• _WHAT NEEDS TO BE DONE_
All of the data below is to be repeated exactly, except for the pictures.

• _DATA BLOCK_

________________________

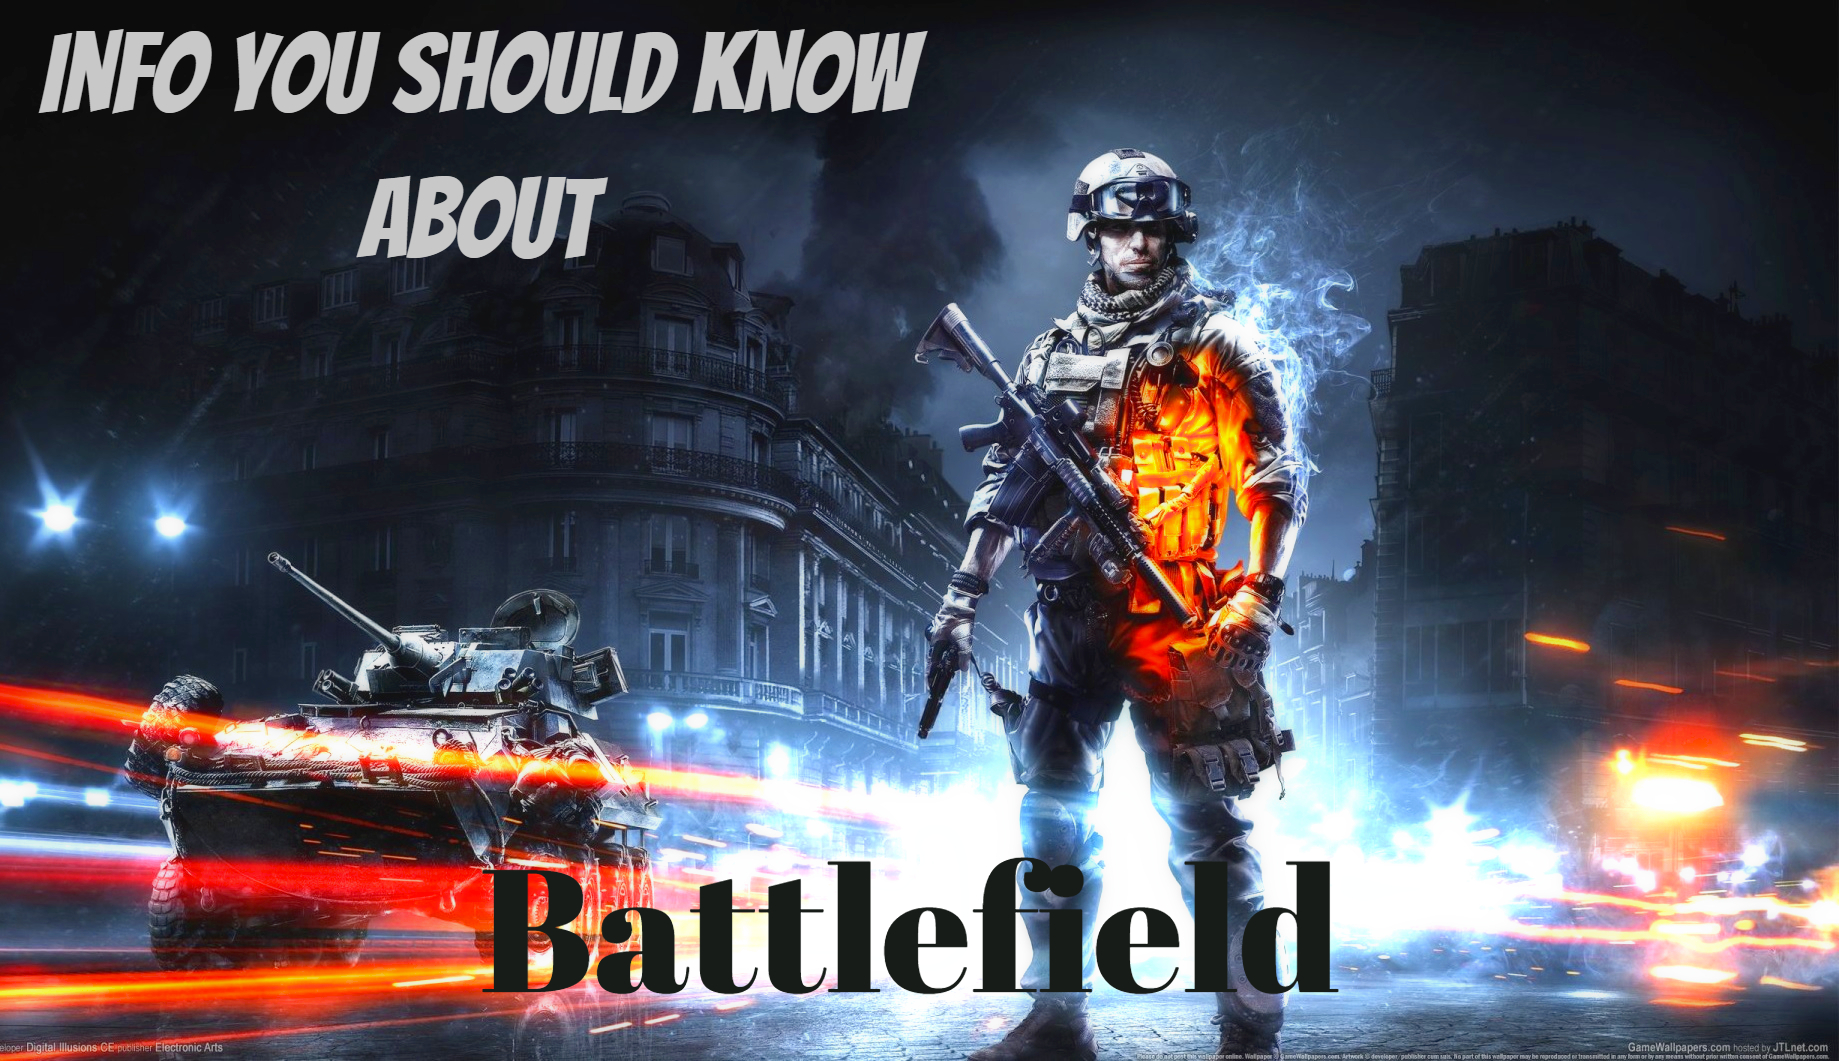 Battlefield Video Game Series Info Fan Should Know 
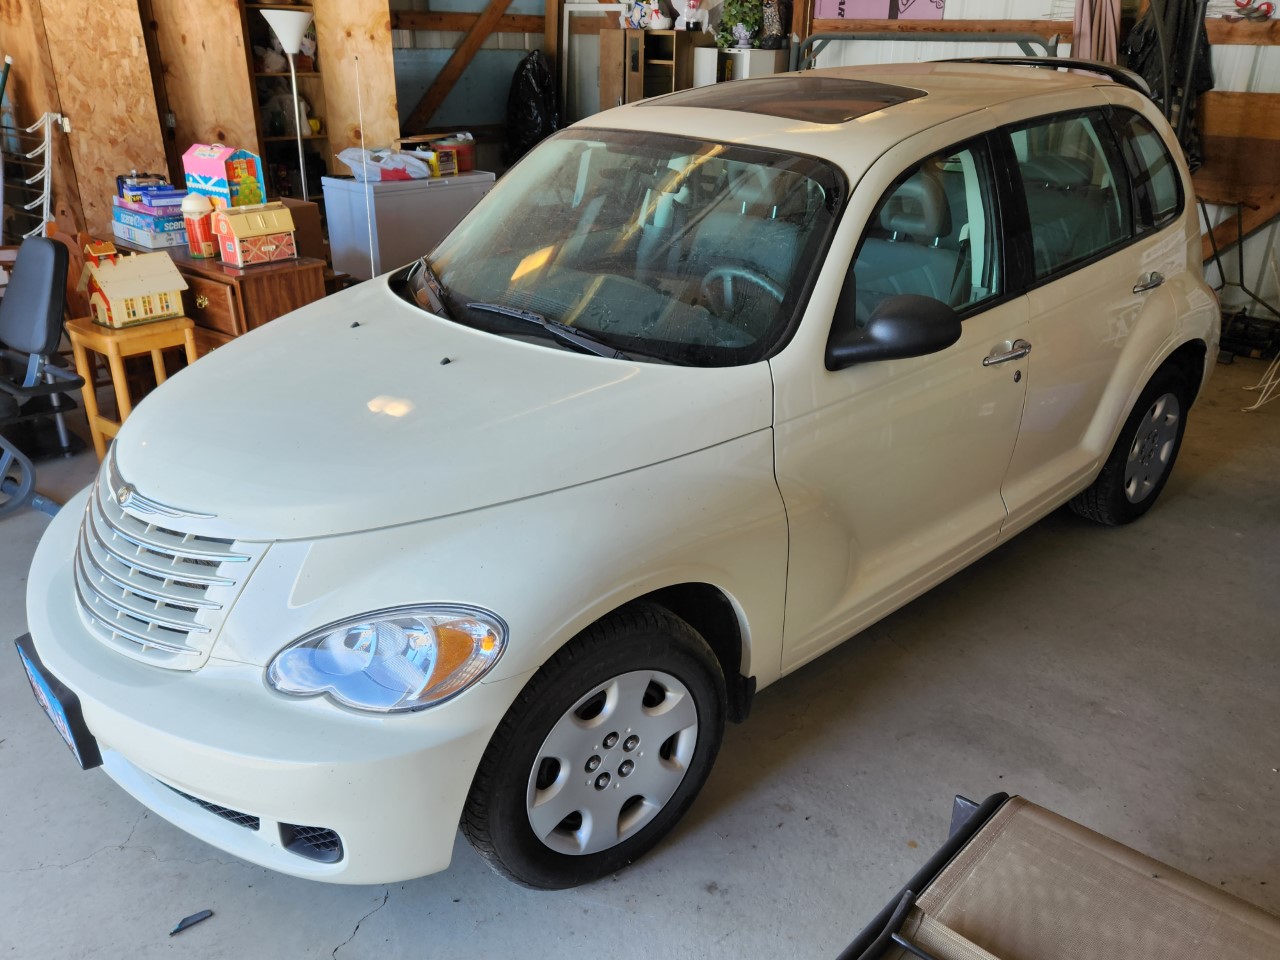 Item: 2007 Chrysler PT
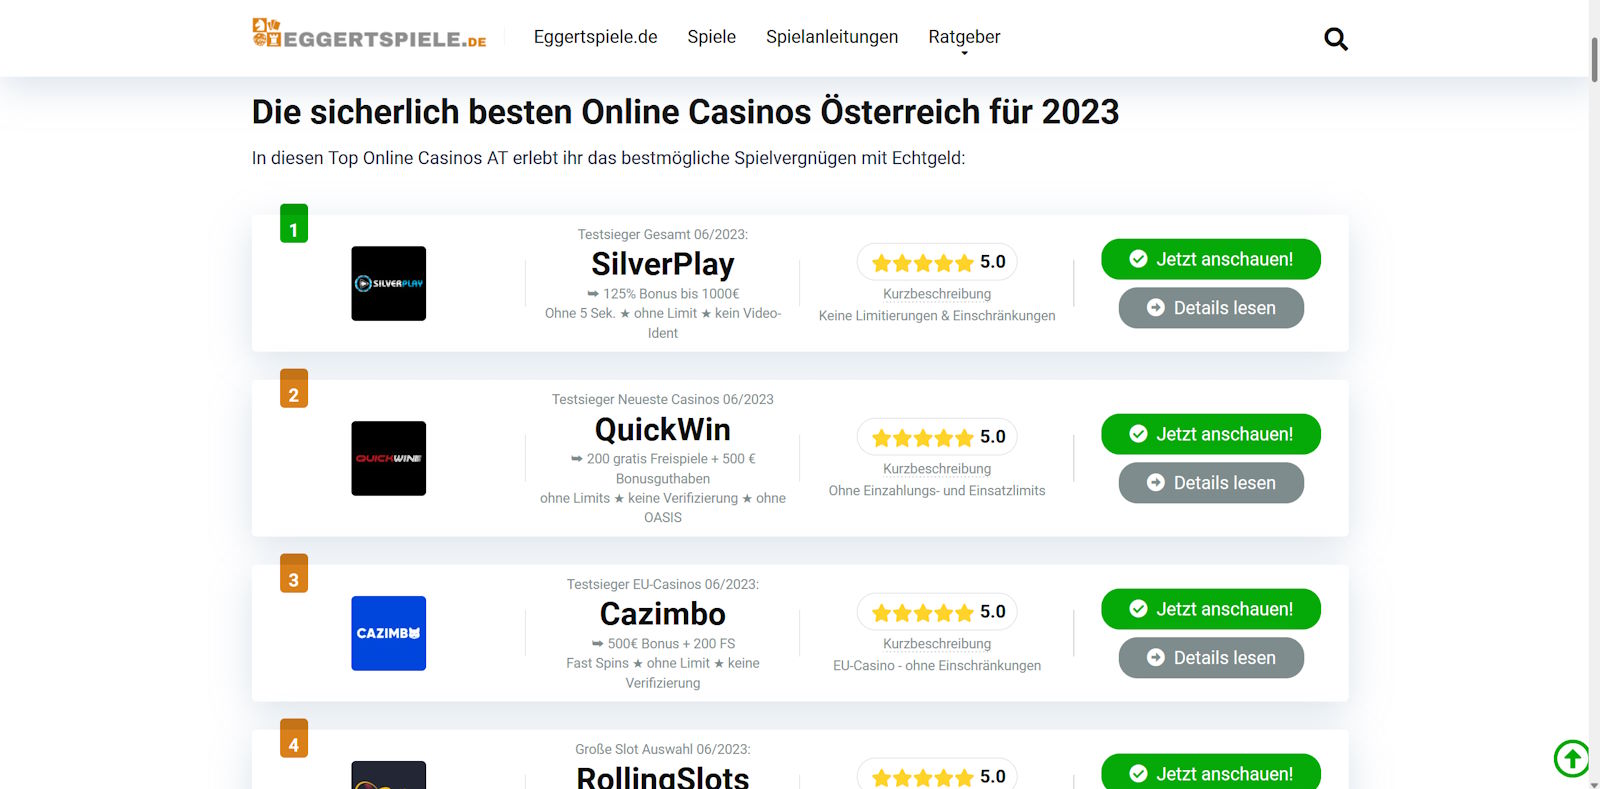 3 Wege, wie Twitter mein bestes Online Casino Österreich zerstört hat, ohne dass ich es bemerkt habe
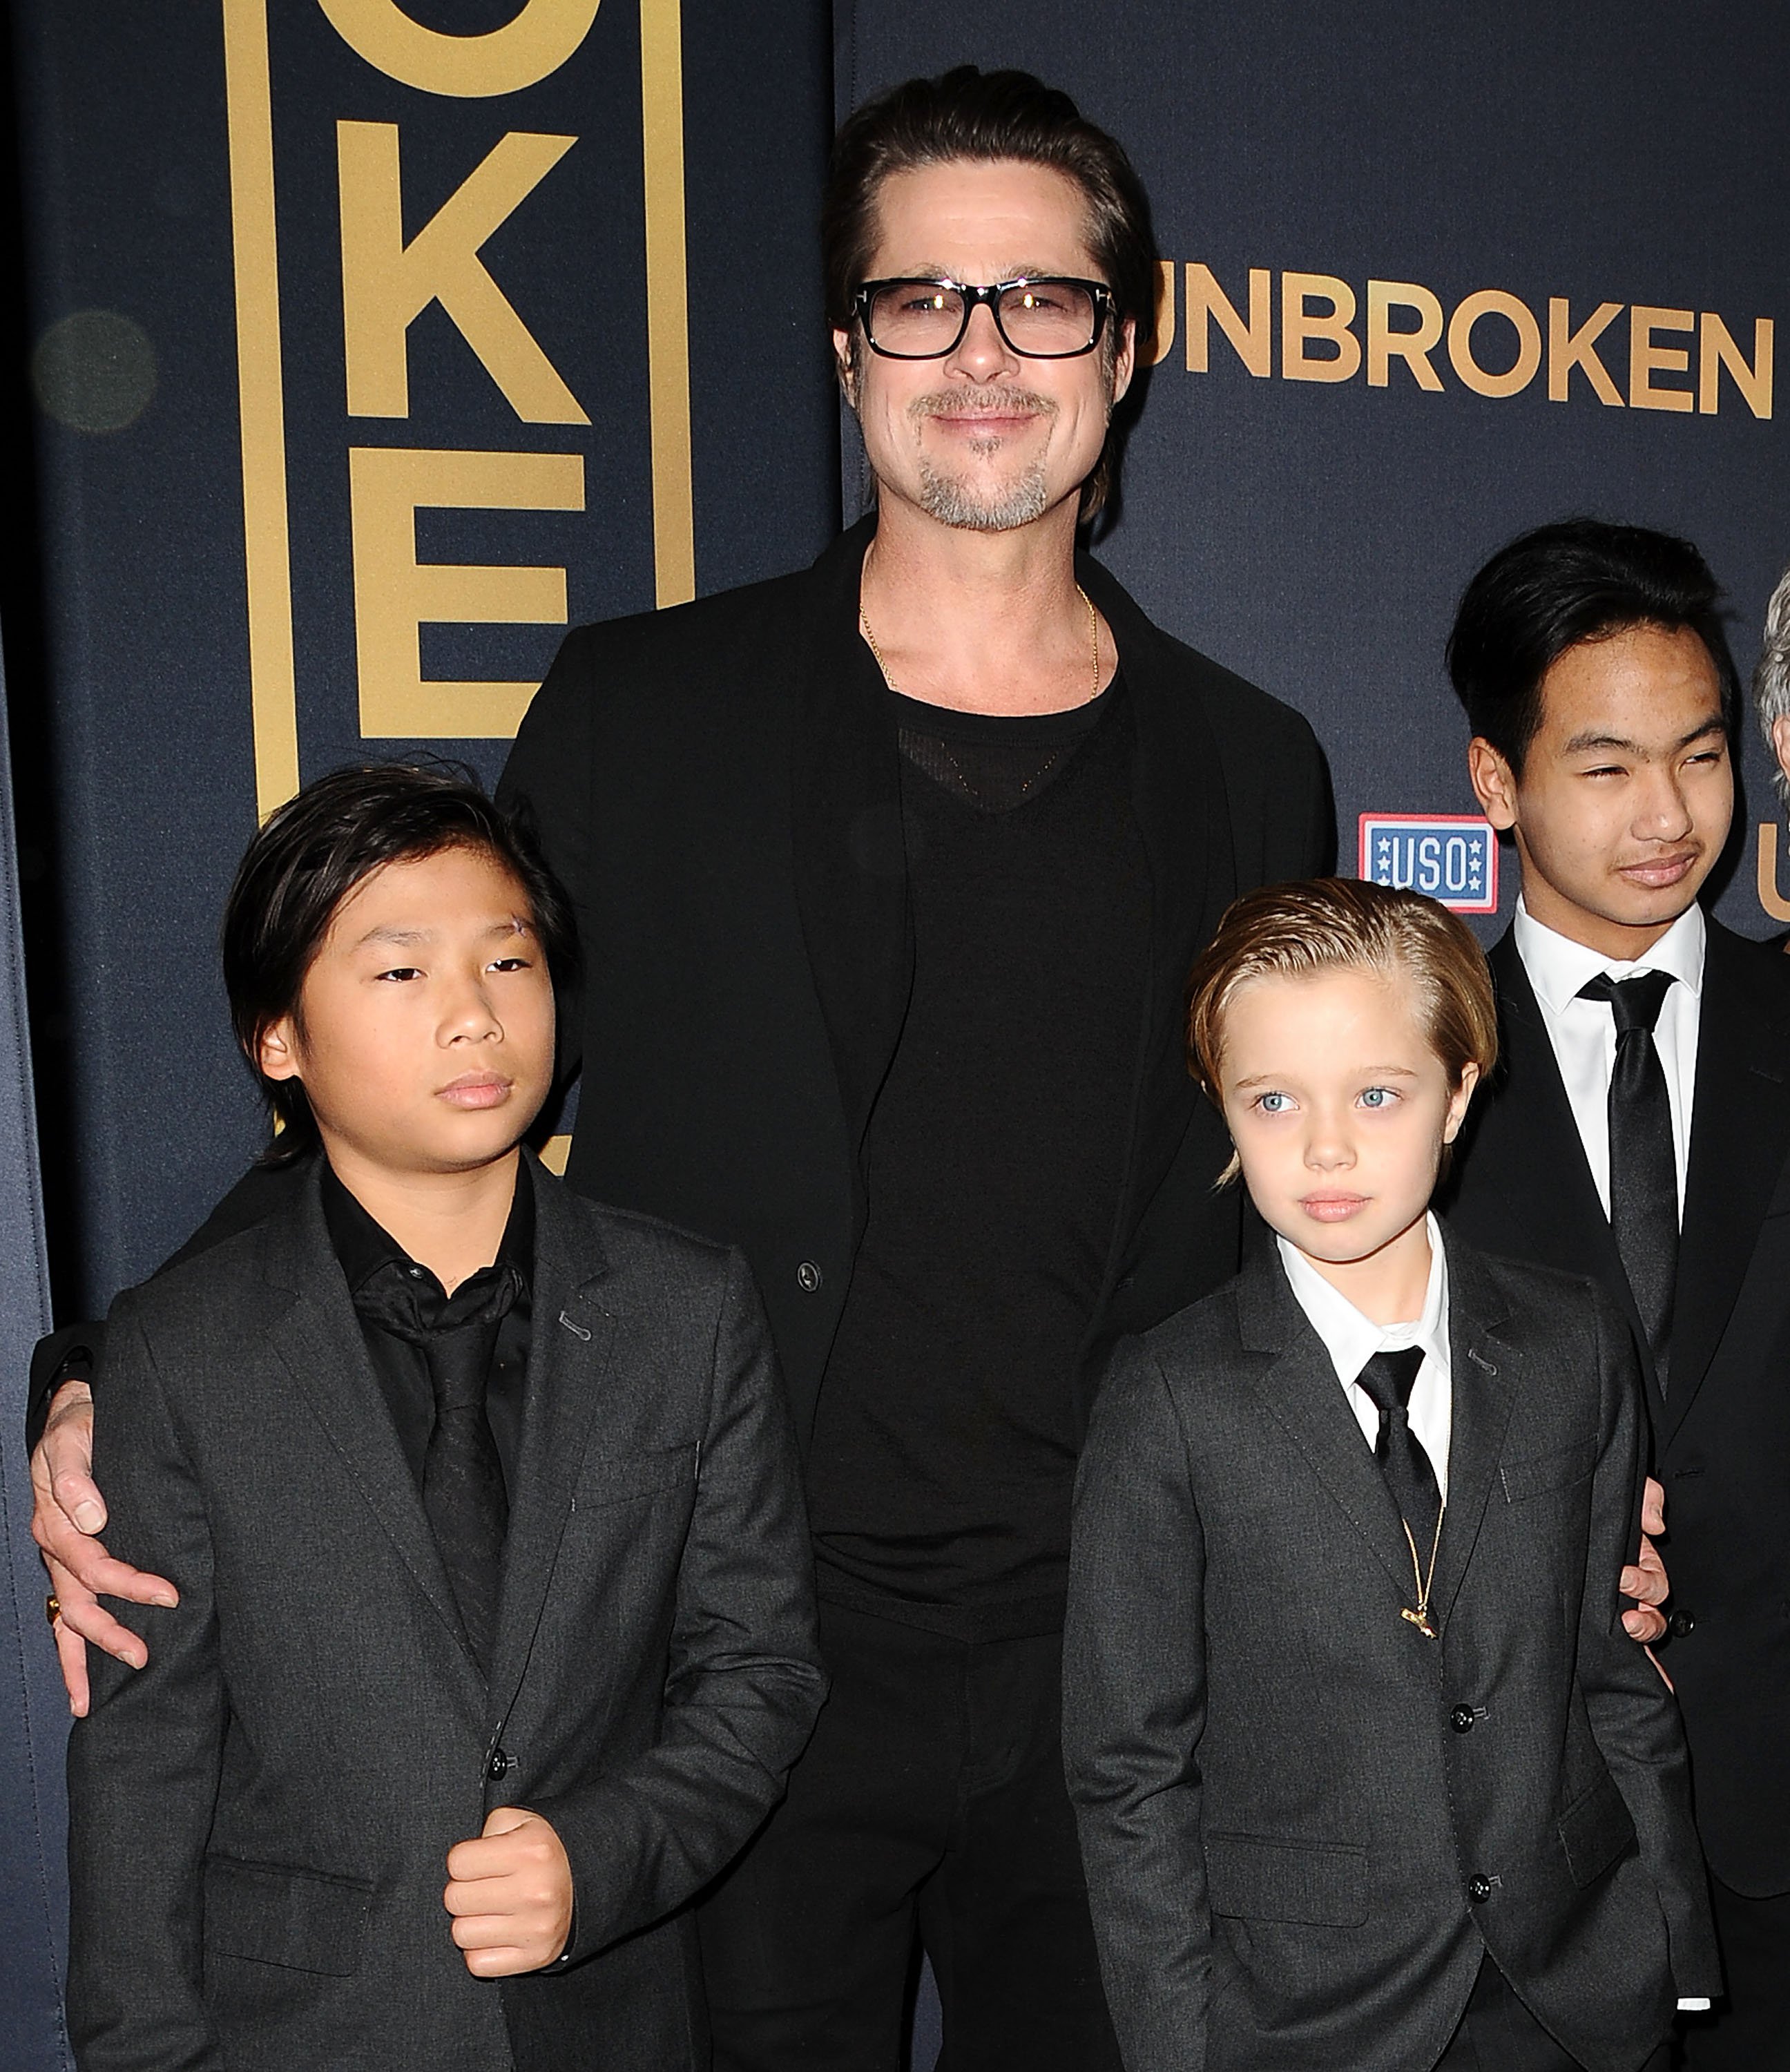 Pax Thien Jolie-Pitt, Brad Pitt, Shiloh Nouvel Jolie-Pitt y Maddox Jolie-Pitt en el estreno de "Unbroken" en el TCL Chinese Theatre IMAX, el 15 de diciembre de 2014 en Hollywood, California. | Foto: Getty Images

________________________

• _ANSWER TO THIS PROBLEM_
 Battlefield Video Game Series Info Fan Should Know 
 Item: 2007 Chrysler PT
 3 Wege, wie Twitter mein bestes Online Casino Österreich zerstört hat, ohne dass ich es bemerkt habe
 Pax Thien Jolie-Pitt, Brad Pitt, Shiloh Nouvel Jolie-Pitt y Maddox Jolie-Pitt en el estreno de "Unbroken" en el TCL Chinese Theatre IMAX, el 15 de diciembre de 2014 en Hollywood, California. | Foto: Getty Images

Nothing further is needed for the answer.